Even though the disability community is relatively small, its stories are largely underrepresented in the media.
"If you think about influencers, there are a ton of food influencers and there are a ton of motivational people," he said. "It's harder to cut through now, which is why they're popular. They are way different from anything you see on the internet."
And yet their story's universal elements — of pursuing romance and overcoming adversity — lend it a timeless appeal.
Since the vlog was launched, the couple's narrative arc has been on a steady upward climb. A newly FDA-approved drug has slowed the progression of Burcaw's disease, the two got engaged, and they started earning enough from their social media presence to make disability advocacy a joint career.

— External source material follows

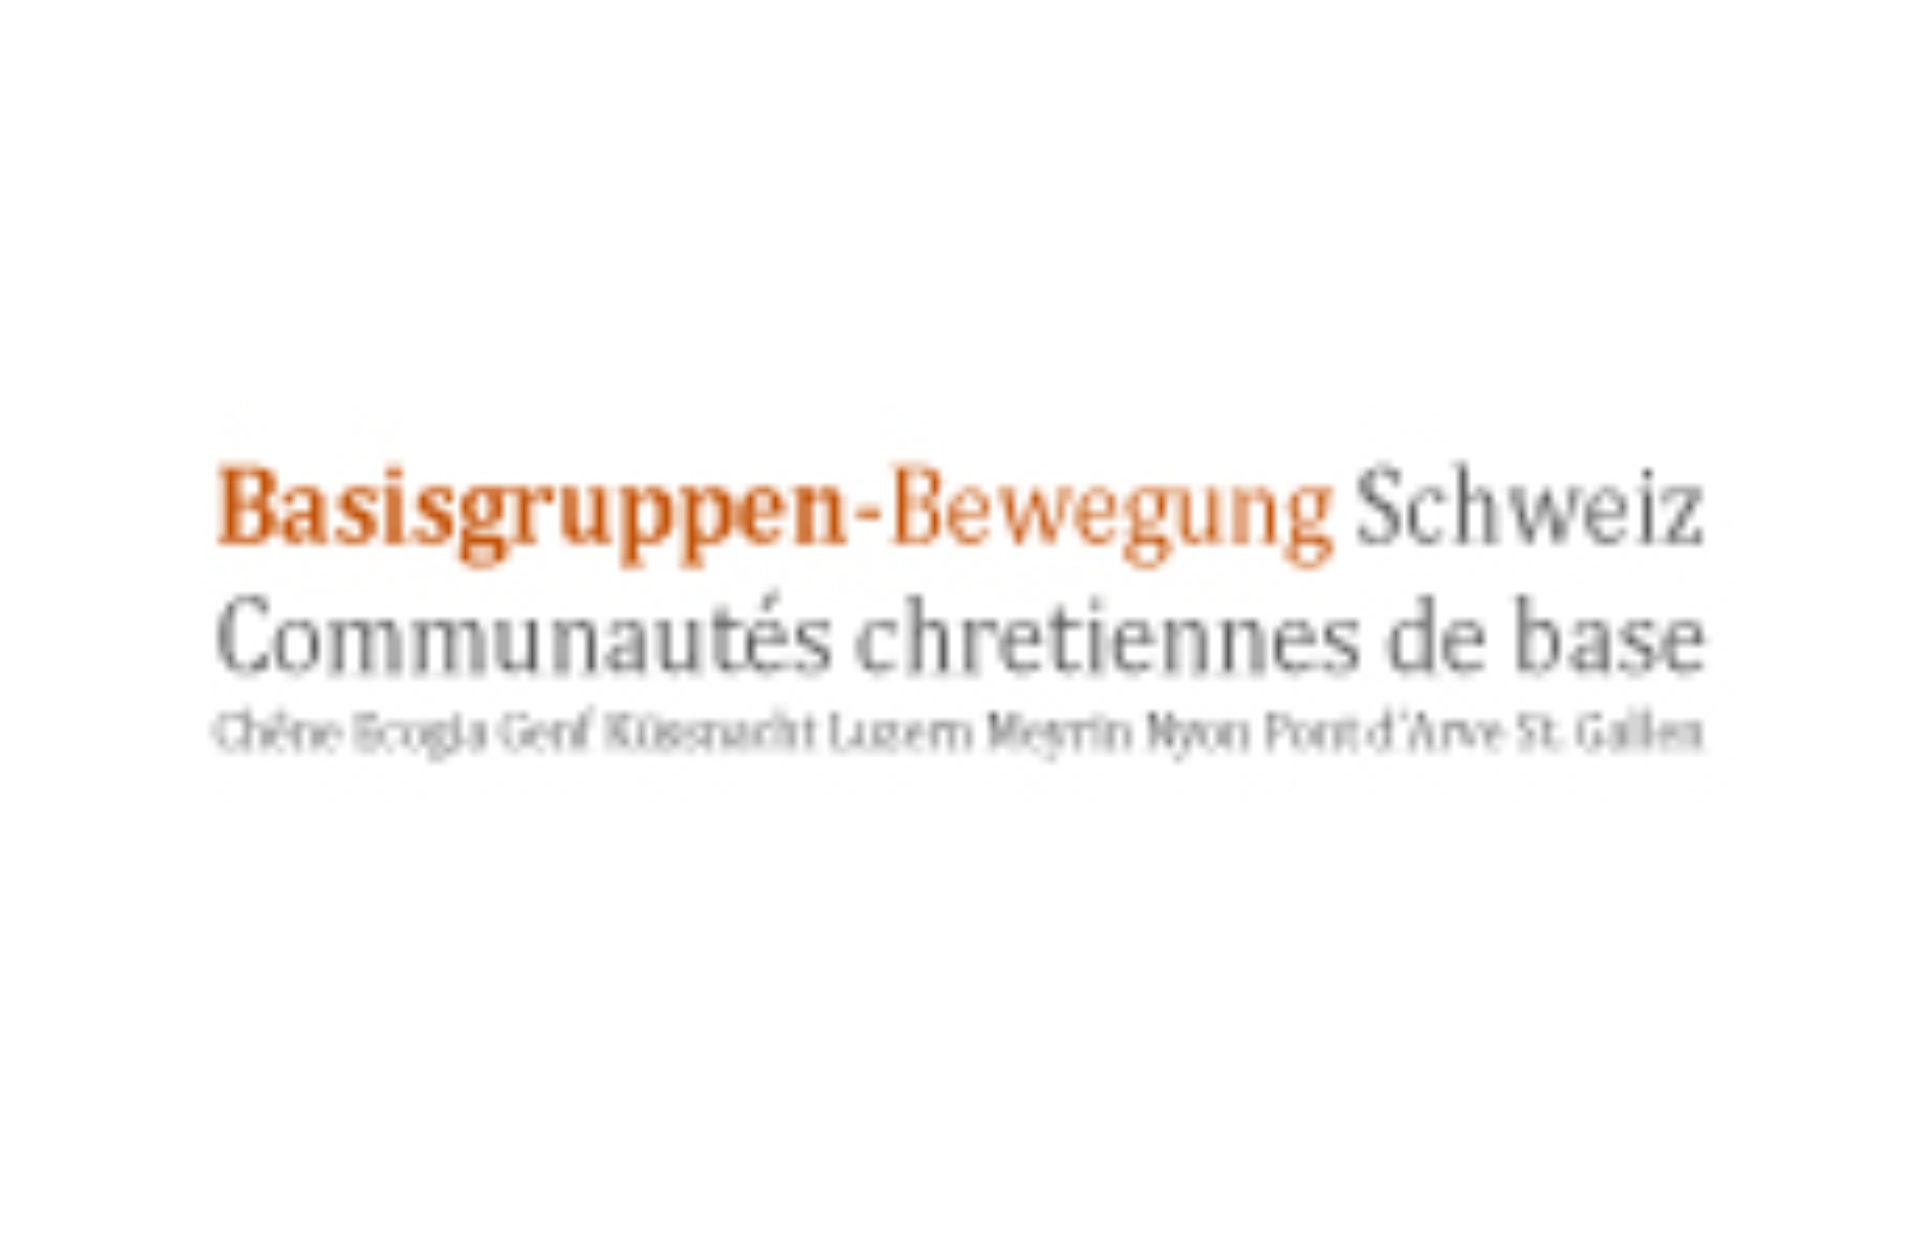 Basisgruppenbewegung Schweiz

They are living with Aylward's parents in Minneapolis as they look for an apartment, plan their wedding and work on a book of interviews with interabled couples from around the country. They plan to speak this fall to occupational therapy students at Ohio State University and elementary school kids in Park City, Utah. And, of course, they're always creating the next episode of "Squirmy and Grubs," as well as keeping up with the machinations of running a successful YouTube channel.
While they've become more adept at playing YouTube's numbers game — often racking up 100,000 views and 1,000 comments the same day a video is posted — the couple say they get the most satisfaction from inspiring others to help make the world more accepting of, and accessible to, people with disabilities.
"And I don't have a number for that," Burcaw said.